Siempre ha existido entre los pacientes la inquietante sospecha de que la competencia de sus médicos no era mucha. Es por esto que desde los inicios del periodo moderno la literatura se llenó de ironías en la pluma de múltiples autores como Oscar Wilde y Bernard Shaw.
Así afirmaciones acerca de que el tratamiento era peor que la enfermedad o que curaba a la enfermedad pero mataba al enfermo, no eran infrecuentes.
Un claro ejemplo del escepticismo histórico acerca del poder curativo de los médicos lo podemos encontrar en la advertencia de Alexander Cooper, un cirujano de finales del siglo XIX: “¡NO tomaré más medicamentos!”.

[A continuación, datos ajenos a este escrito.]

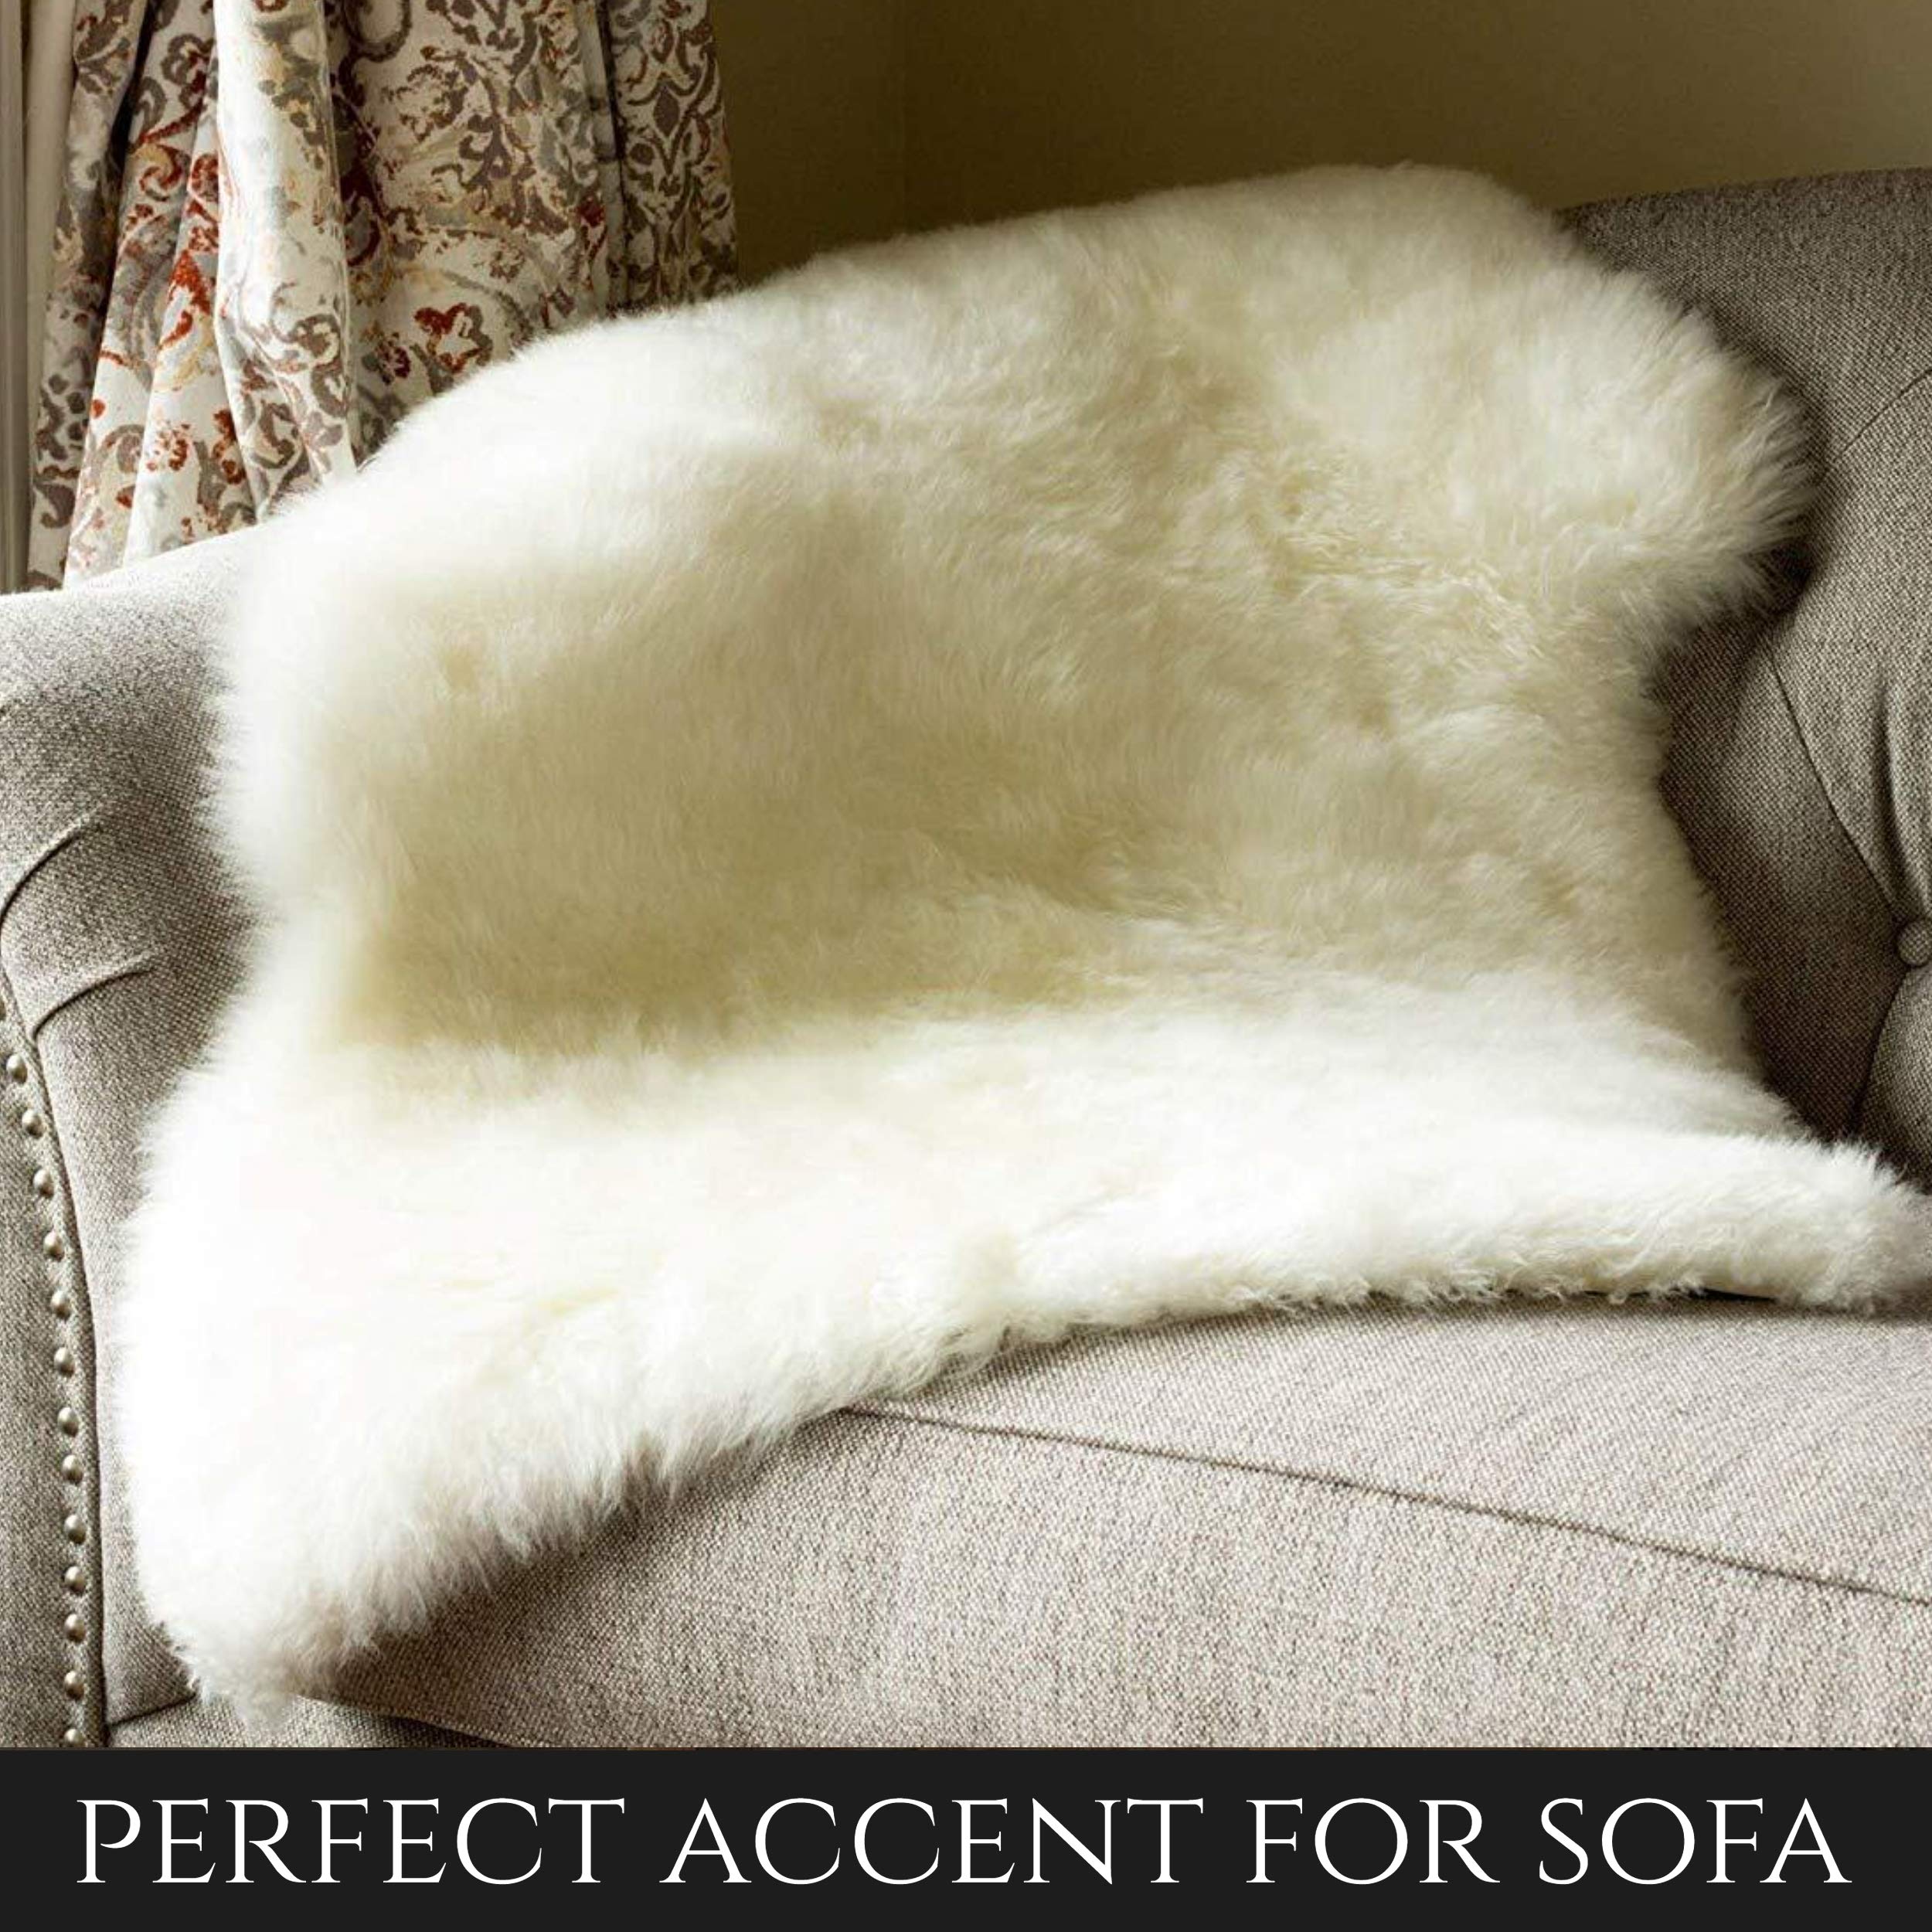 Super Area Rugs Genuine New Zealand Fluffy Sheepskin Rug for Bedroom Living Room, Natural, Large 2' x 3' Single Pelt

¿Por qué los médicos somos malos pacientes? ¡Tal vez porque conocemos demasiado bien las dudas de nuestros colegas!
Por este motivo nos solemos resistir a someternos a tratamientos dolorosos, dudosamente efectivos o hasta inútiles.

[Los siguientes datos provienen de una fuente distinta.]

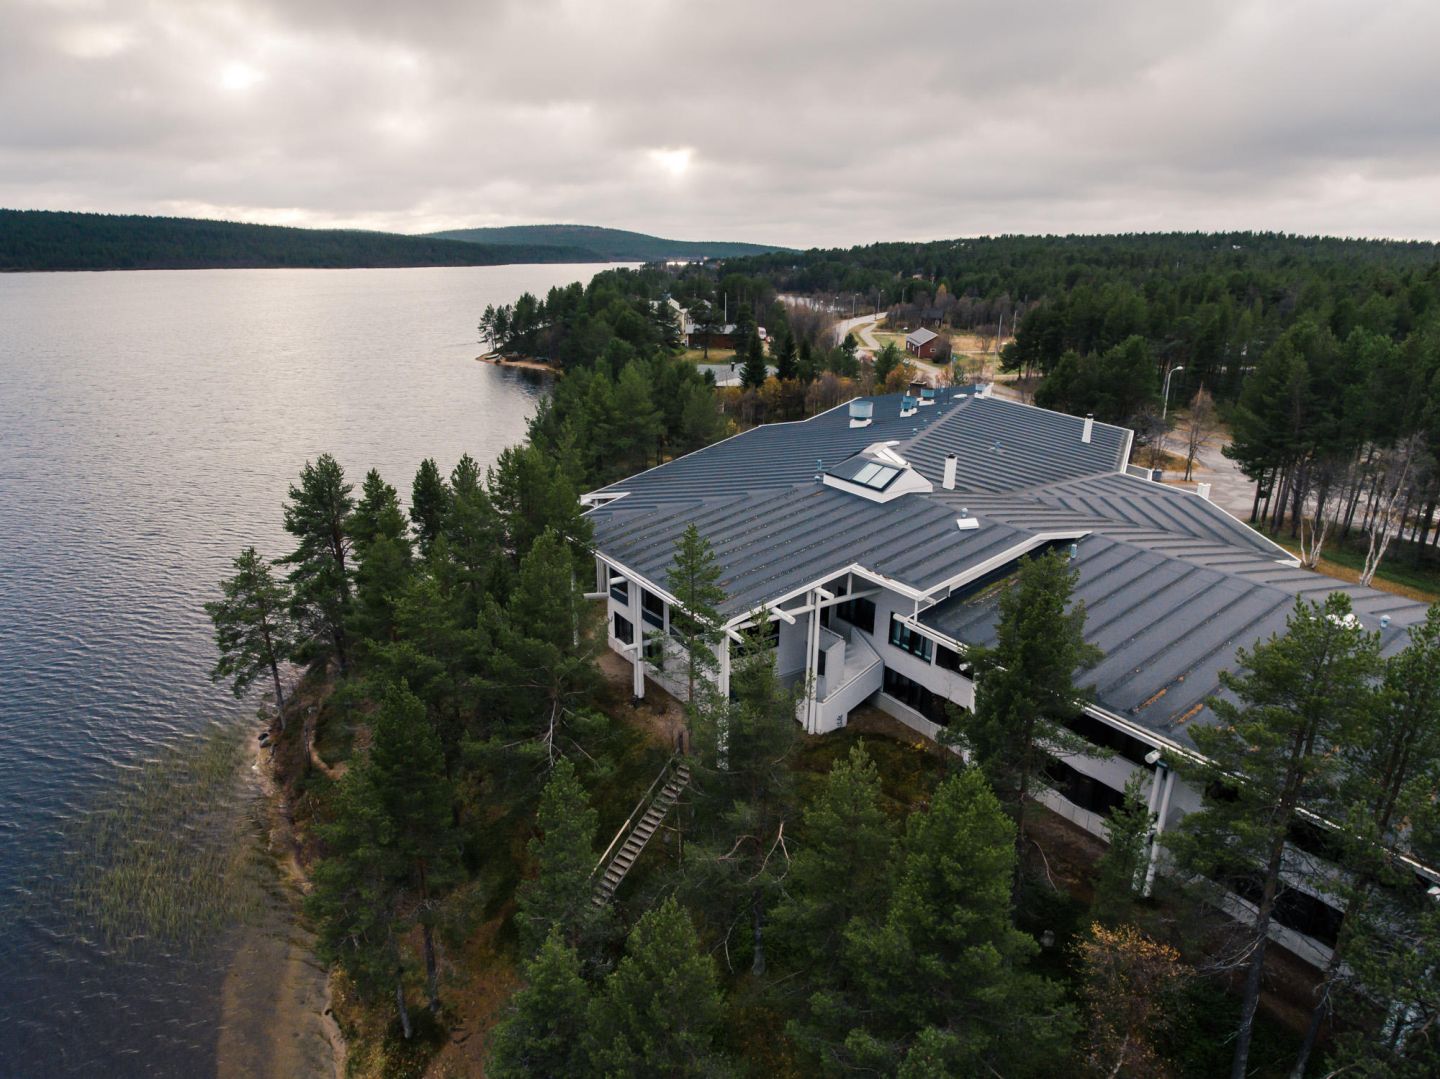 Lapland Hotels in Enontekiö, Finland

Concluyendo hemos intentado hacer un sobrevuelo histórico sobre la medicina poniéndonos en los zapatos de los pacientes.
La relación médico – paciente ha pasado por diferentes interpretaciones.
Una en la que el médico tenía un rol activo y el paciente uno pasivo. Luego una en la que el doctor lideraba y el paciente obedecía y admiraba.
A partir del siglo XX se comienza a plantear una relación en la que el paciente y el médico exigían una participación mutua e interdependiente.
Todos aquellos que hemos recorrido consultorios, salas de internación y quirófanos sabemos que este tipo de relación solo existe, en la actualidad, en la isla de Utopía.
En esta relación la experiencia del médico (el médico como “experto”) es balanceada, o no, por la clase social, la nacionalidad, el sexo, la edad, los ingresos económicos y el status social del paciente en la distribución del poder económico, social y clínico.
Por todos estos factores en juego, esta distribución es poderosamente influenciada en función de si el paciente es patrón, participante o meramente objeto de la atención médica.
Si el paciente es meramente el objeto de la atención médica claramente no tiene ningún poder sobre su destino, como lamentablemente muchas veces todavía sucede en el siglo XXI.